End-to-end reconstruction#

How to plug a reconstruction model into the ReconEval benchmark. We use an autoencoder (sc_reconstruction.models.reconae.ReconAE) as the reference implementation, but anything satisfying the small Protocol below works — your model does not need to inherit from anything we ship.

Outline

  1. The contract a reconstruction model must satisfy (a 2-method Protocol).

  2. Train an AE on the tutorial-sized LuCA panel.

  3. Reconstruct and wrap the prediction back into an AnnData.

  4. Hand the (true, reconstructed) pair to the metrics API — see metrics.ipynb for the per-metric walkthrough.

1. The model contract#

ReconEval needs exactly two things from your model:

  • train(...) — fit on some training data. Signature is left open; pass whatever your model needs.

  • predict(X) -> X_recon — given an (n_cells, n_genes) numpy array, return the reconstruction with the same shape.

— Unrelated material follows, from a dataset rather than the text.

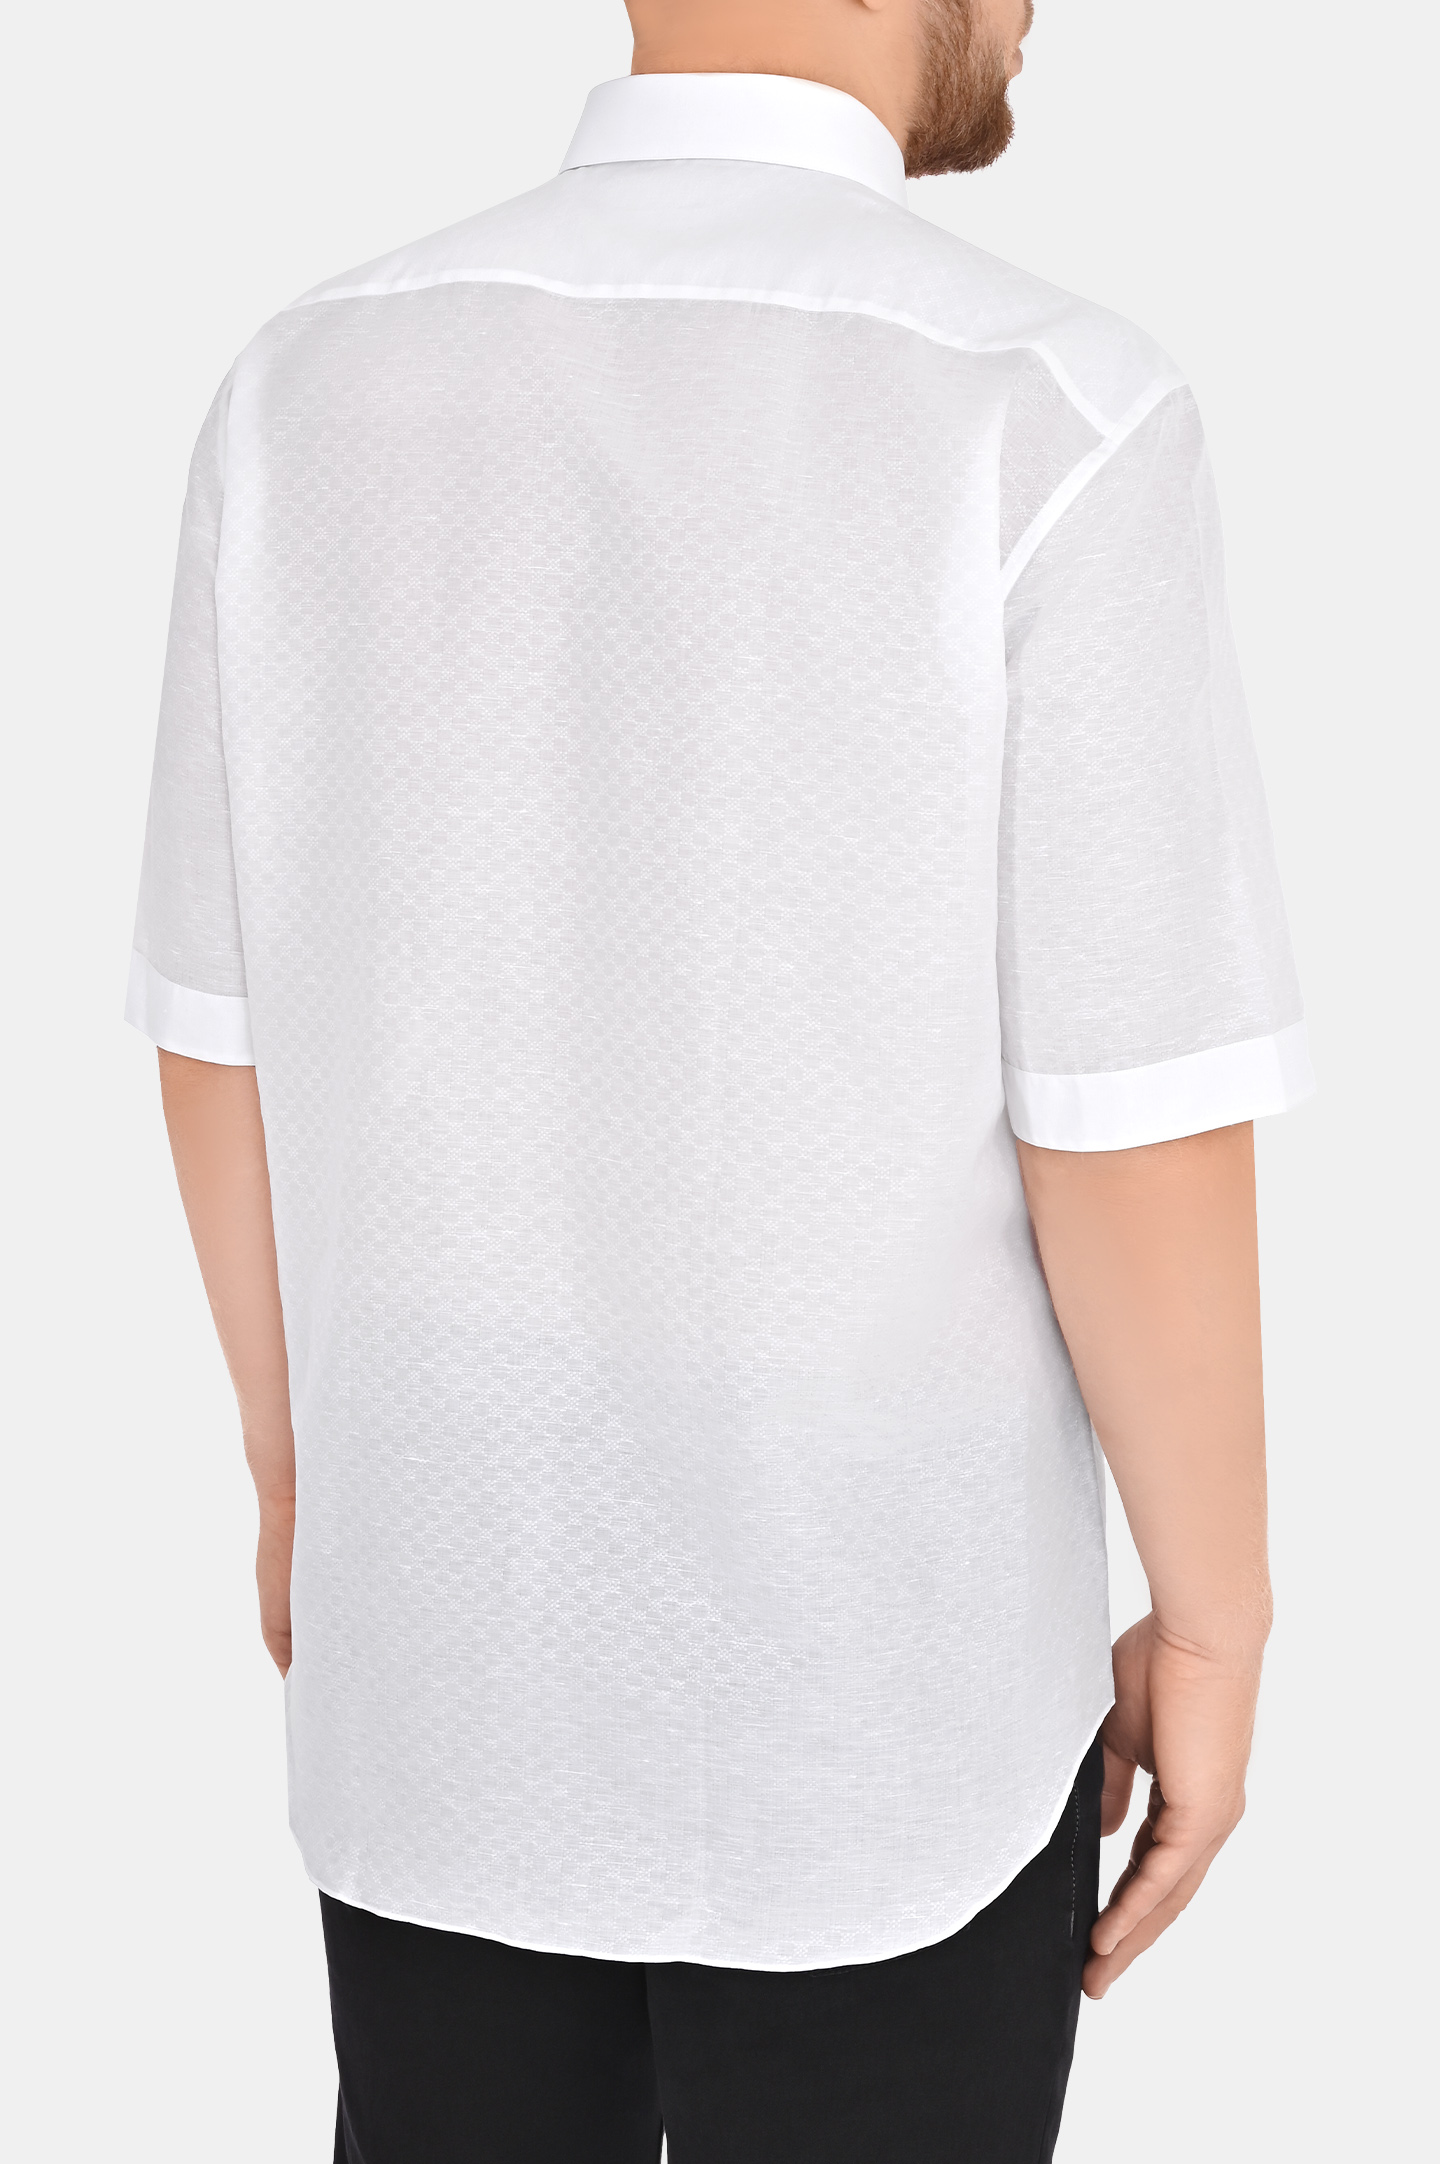 Рубашка STEFANO RICCI MC006721 R2558, цвет: Белый, Мужской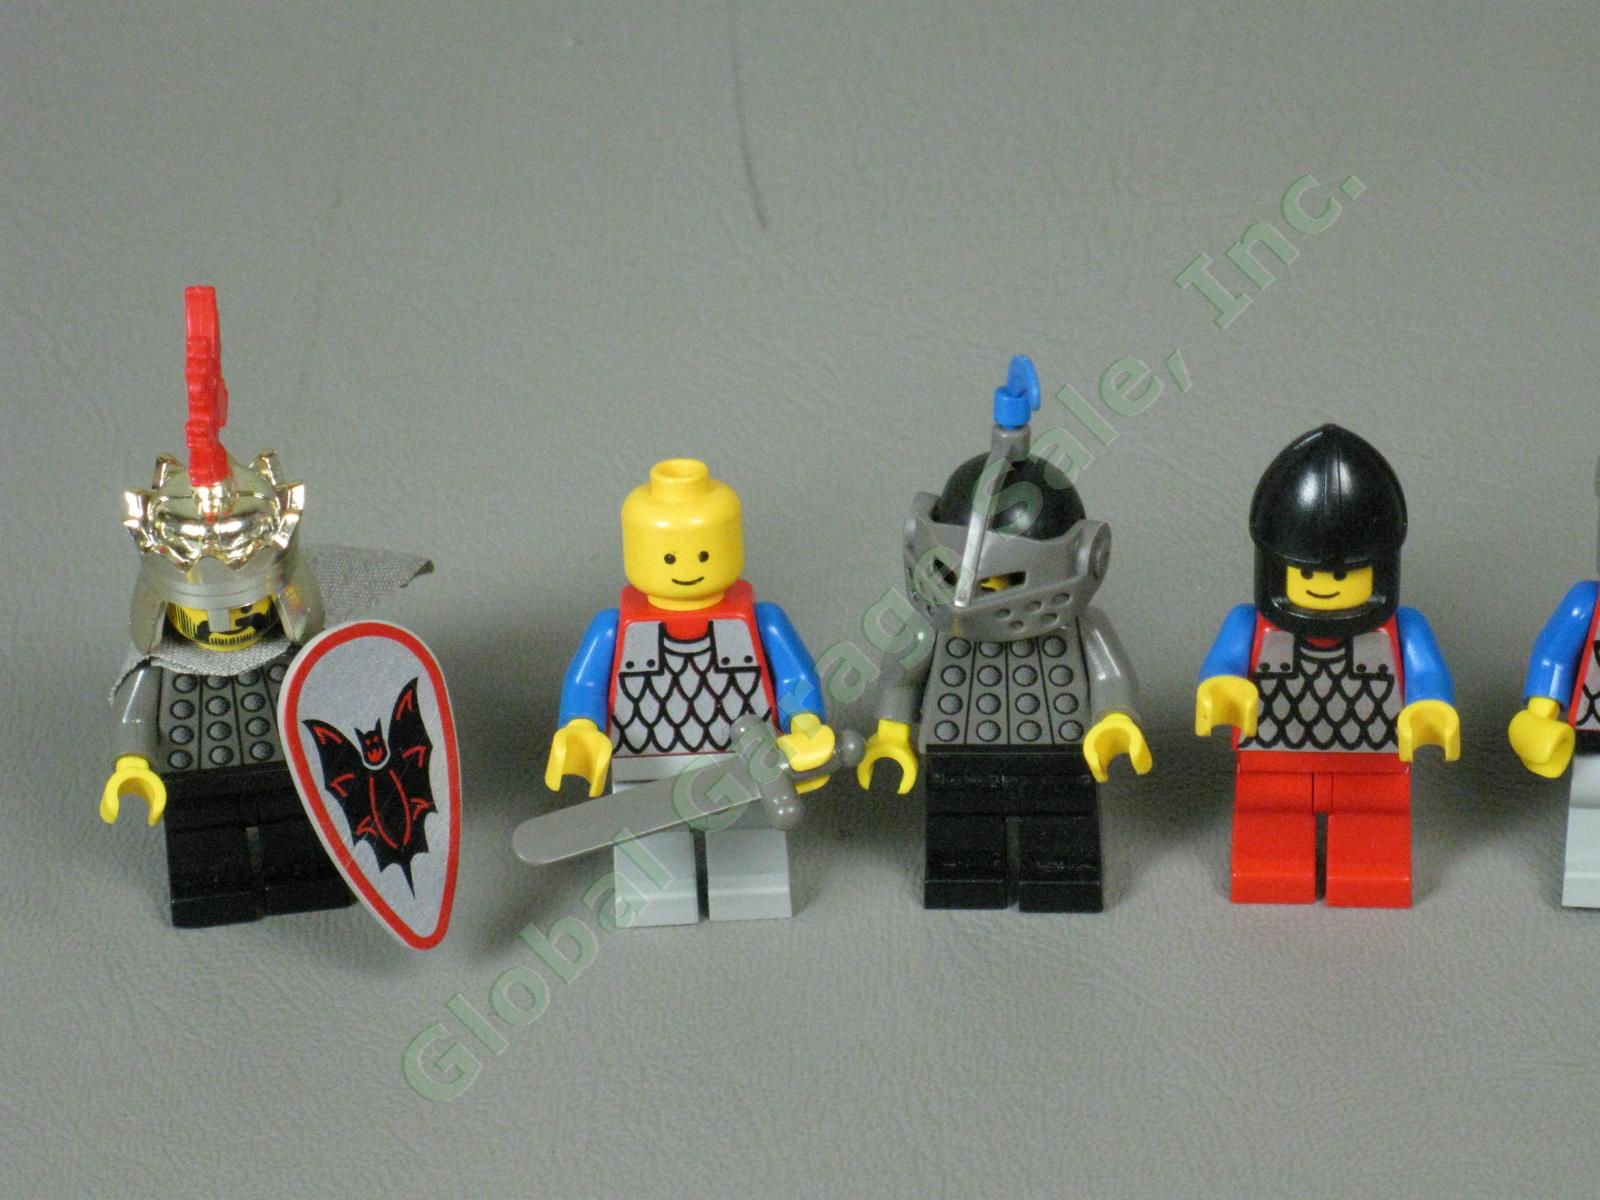 HUGE Lot 45 Lego Medieval Fright Knight Figure Minifigure Castle Armor Extra Set 4

Anything implementing these two methods can be scored. We capture this as a runtime-checkable Protocol so structural typing checks are enough — you do not need to import or inherit from a ReconEval base class.

import sys
from pathlib import Path

# Prefer the public src over any pip-installed sc_reconstruction (which may
# come from a stale private clone in the active env).
sys.path.insert(0, str(Path("..").resolve() / "src"))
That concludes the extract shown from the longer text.